You were definitely right to challenge the person who left dog poo. I can't really judge the parking situation.

allaloneandlost · 09/02/2024 19:46

Vivi0 · 09/02/2024 19:43

What part of this actually applies to the OP’s situation? The man wasn’t rude or aggressive to her. He wasn’t treating her like a doormat. He wasn’t expecting her to be a people pleaser.

He went off and parked elsewhere once he realised the situation.

The OP is being accused of being aggressive and argumentative because she was being aggressive and argumentative. Aggressive and argumentative behaviour isn’t suddenly okay because it’s a female that’s doing it.

I meant it generally as I read this all over AIBU. Women who have pushy neighbours, cheeky friends, lazy husbands and so on get told to stand up for themselves so it is relevant. Yet when somebody does stand up for themselves it's not okay. It's confusing and women can't win.

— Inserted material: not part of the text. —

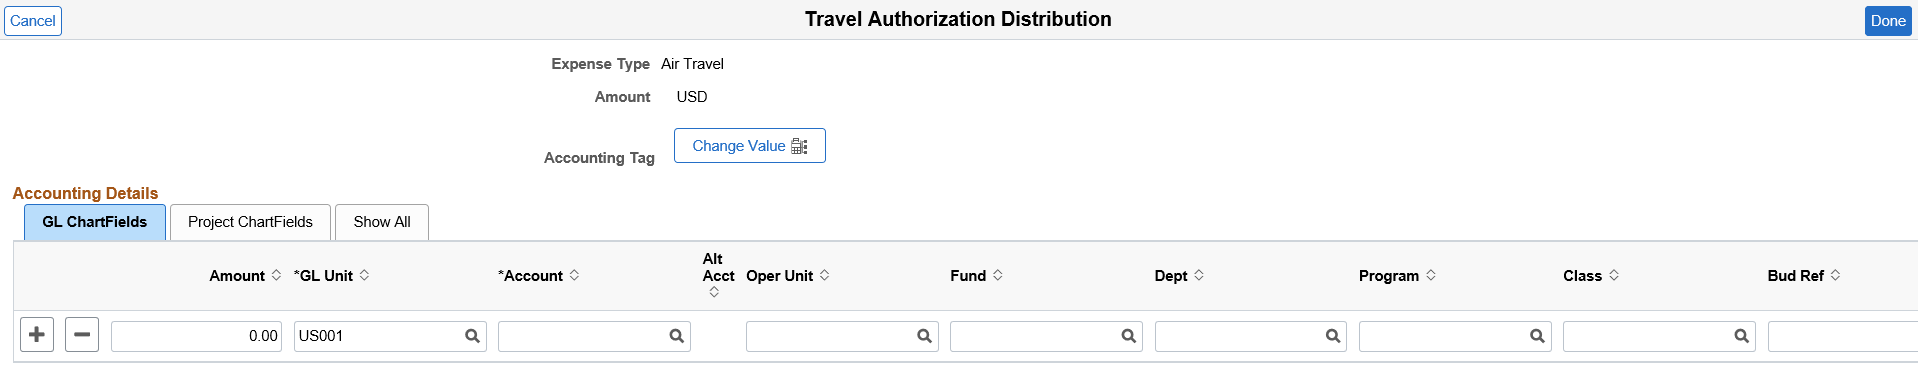 Travel Authorization Distribution

Pushing her and a receptionist wasn't rude or aggressive? Okaaaay.

Vivi0 · 09/02/2024 19:49

allaloneandlost · 09/02/2024 19:46

I meant it generally as I read this all over AIBU. Women who have pushy neighbours, cheeky friends, lazy husbands and so on get told to stand up for themselves so it is relevant. Yet when somebody does stand up for themselves it's not okay. It's confusing and women can't win.

Pushing her and a receptionist wasn't rude or aggressive? Okaaaay.

Edited

Are you joking?

The pushing was the very last occurrence in a long sequence of events.

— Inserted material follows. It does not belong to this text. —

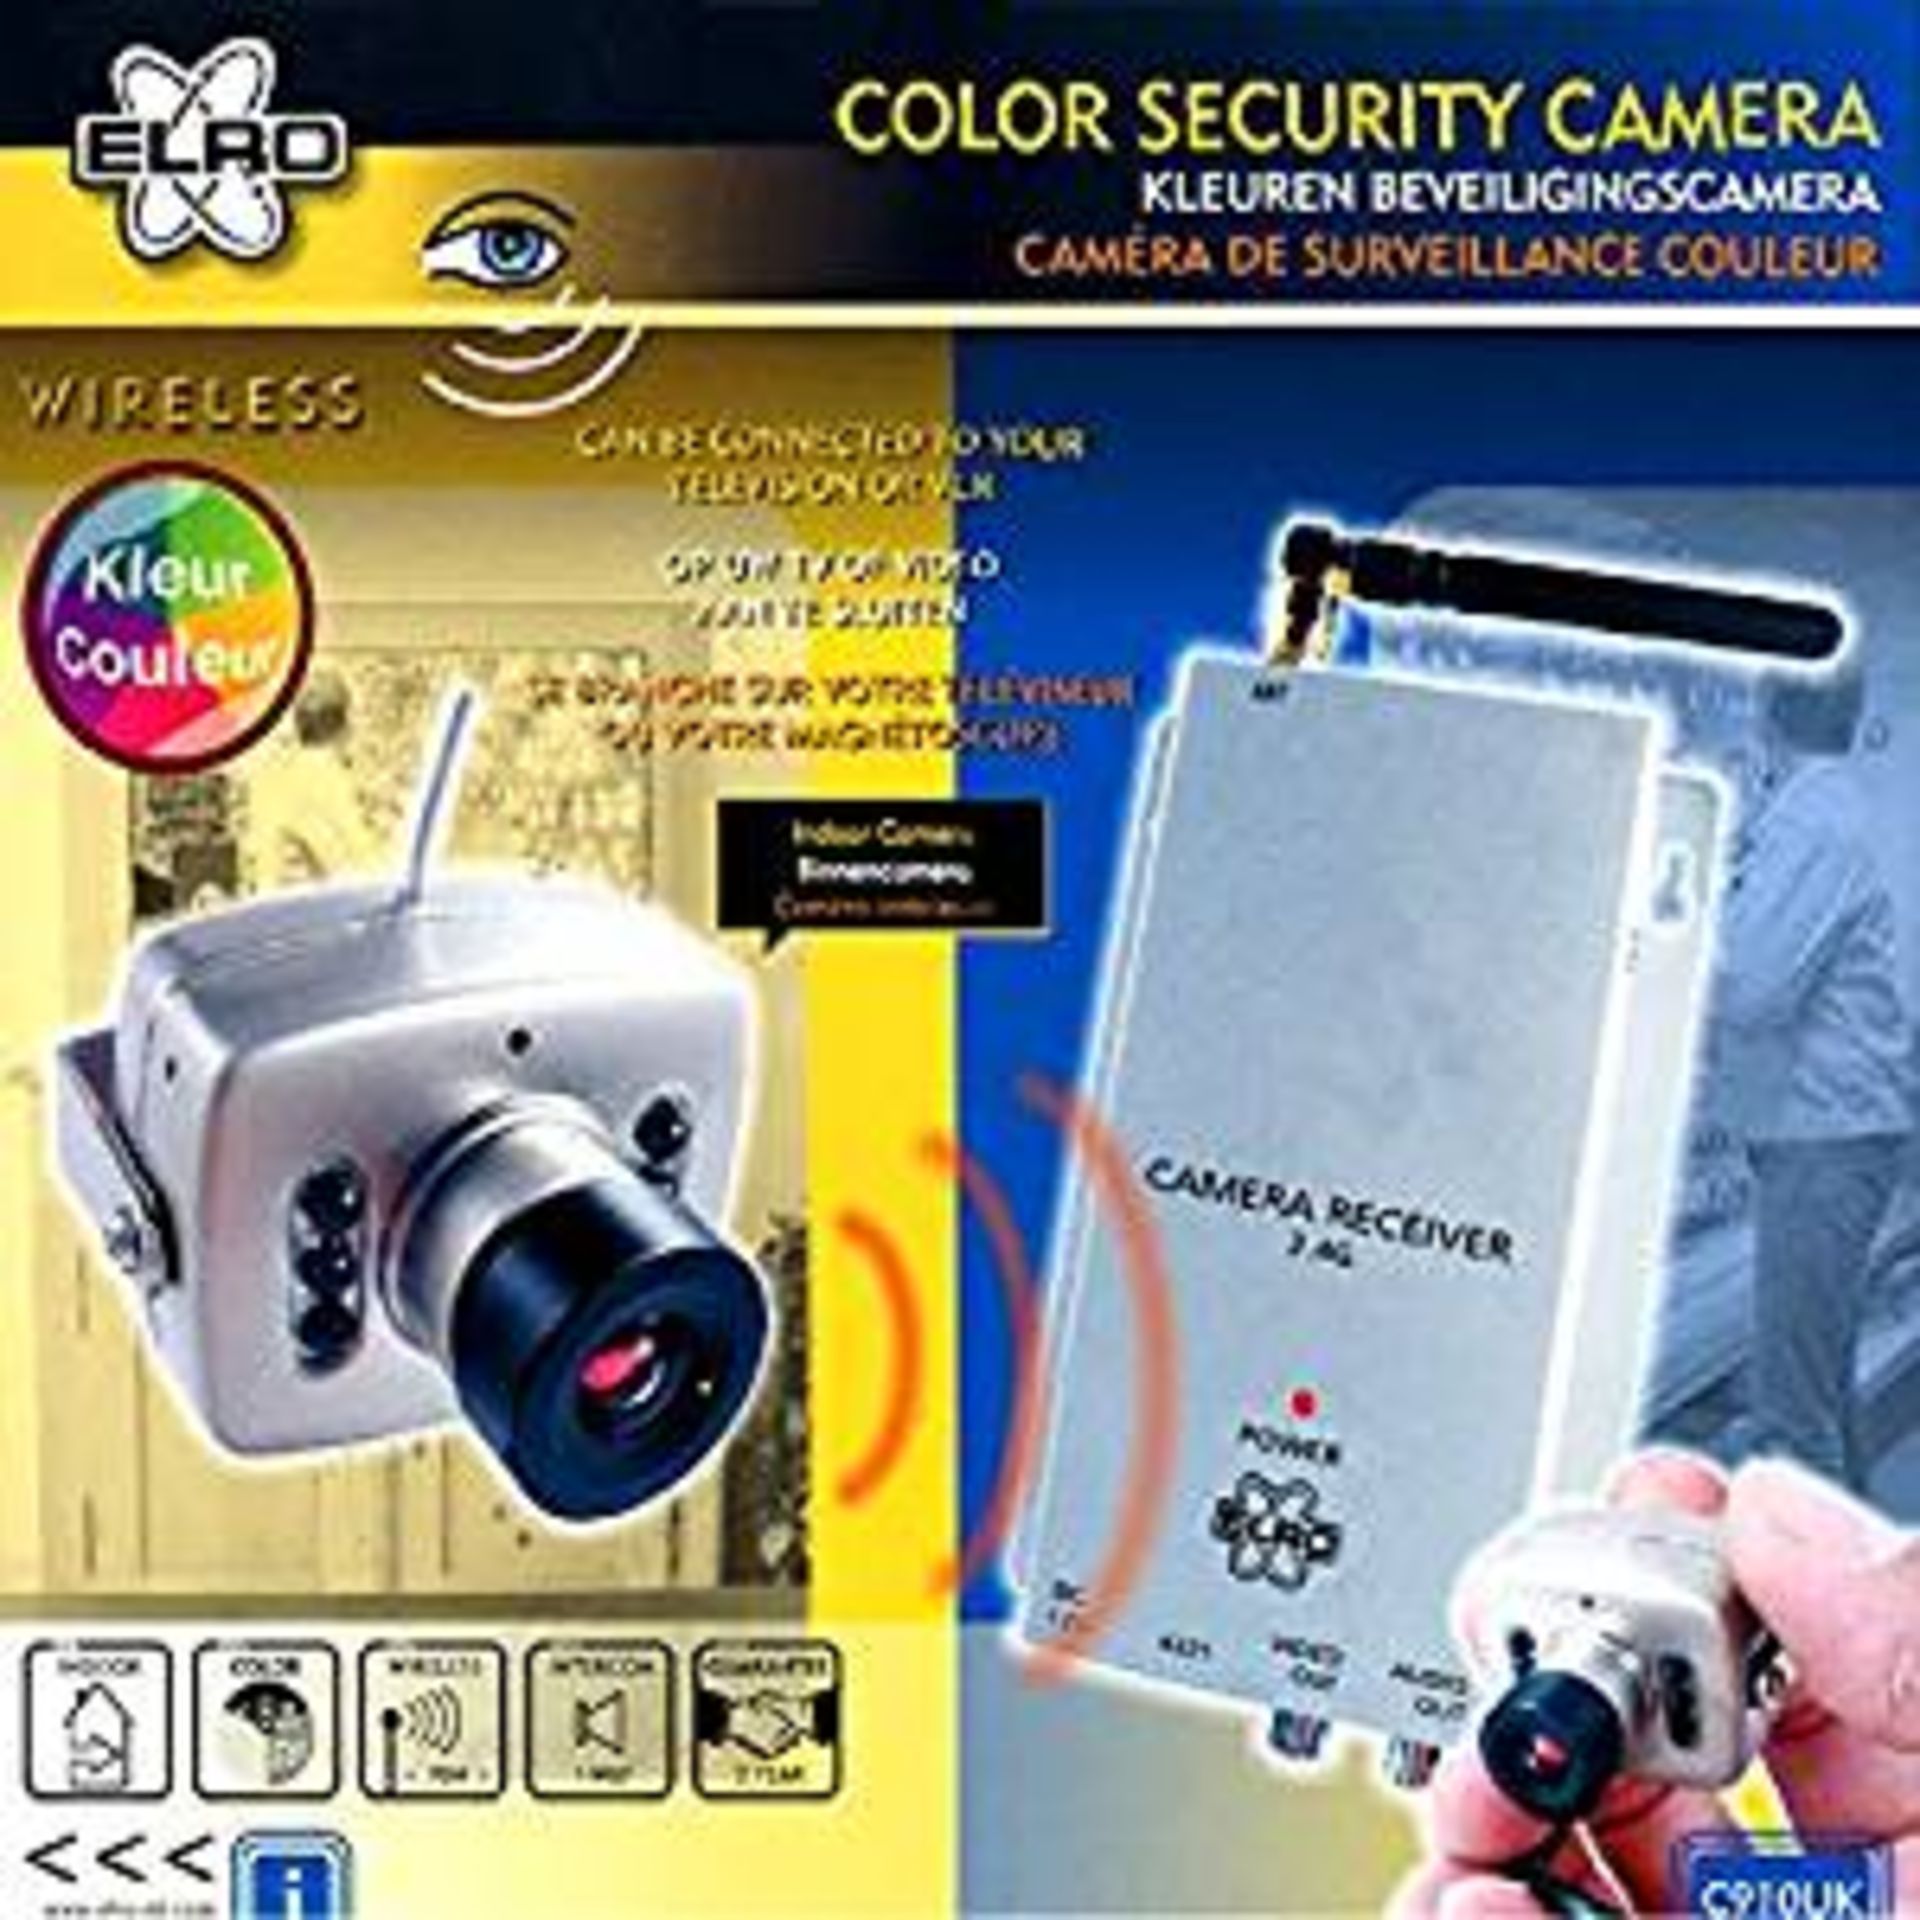 V *TRADE QTY* Brand New Wireless C910UK Colour Security Camera With Intercom ISP £39.99 (Amazon) X

Why is everyone so keen to minimise and justify the OP’s part in this situation? Because she has a huge part to play in it.

Ohlookwhoitis · 09/02/2024 19:53

Vivi0 · 09/02/2024 19:43

What part of this actually applies to the OP’s situation? The man wasn’t rude or aggressive to her. He wasn’t treating her like a doormat. He wasn’t expecting her to be a people pleaser.

He went off and parked elsewhere once he realised the situation.

The OP is being accused of being aggressive and argumentative because she was being aggressive and argumentative. Aggressive and argumentative behaviour isn’t suddenly okay because it’s a female that’s doing it.

Why did he assault the receptionist if he wasn't aggressive?

Vivi0 · 09/02/2024 19:55

This reply has been deleted

Withdrawn at poster's request

Oh, I am posting in good faith.

I didn’t see that comment and I am certainly not justifying the man pushing the OP. He was aggressive.

The OP was also aggressive. I have been on the receiving end of someone acting in a similar, aggressive manner and it’s not acceptable. Although I would never raise my hands to anyone (unless absolutely necessary in self defence), I would absolutely be standing up for myself in a situation like this with an aggressor like the OP.

As I said, aggressive and argumentative behaviour isn’t suddenly okay because it’s a female that’s doing it.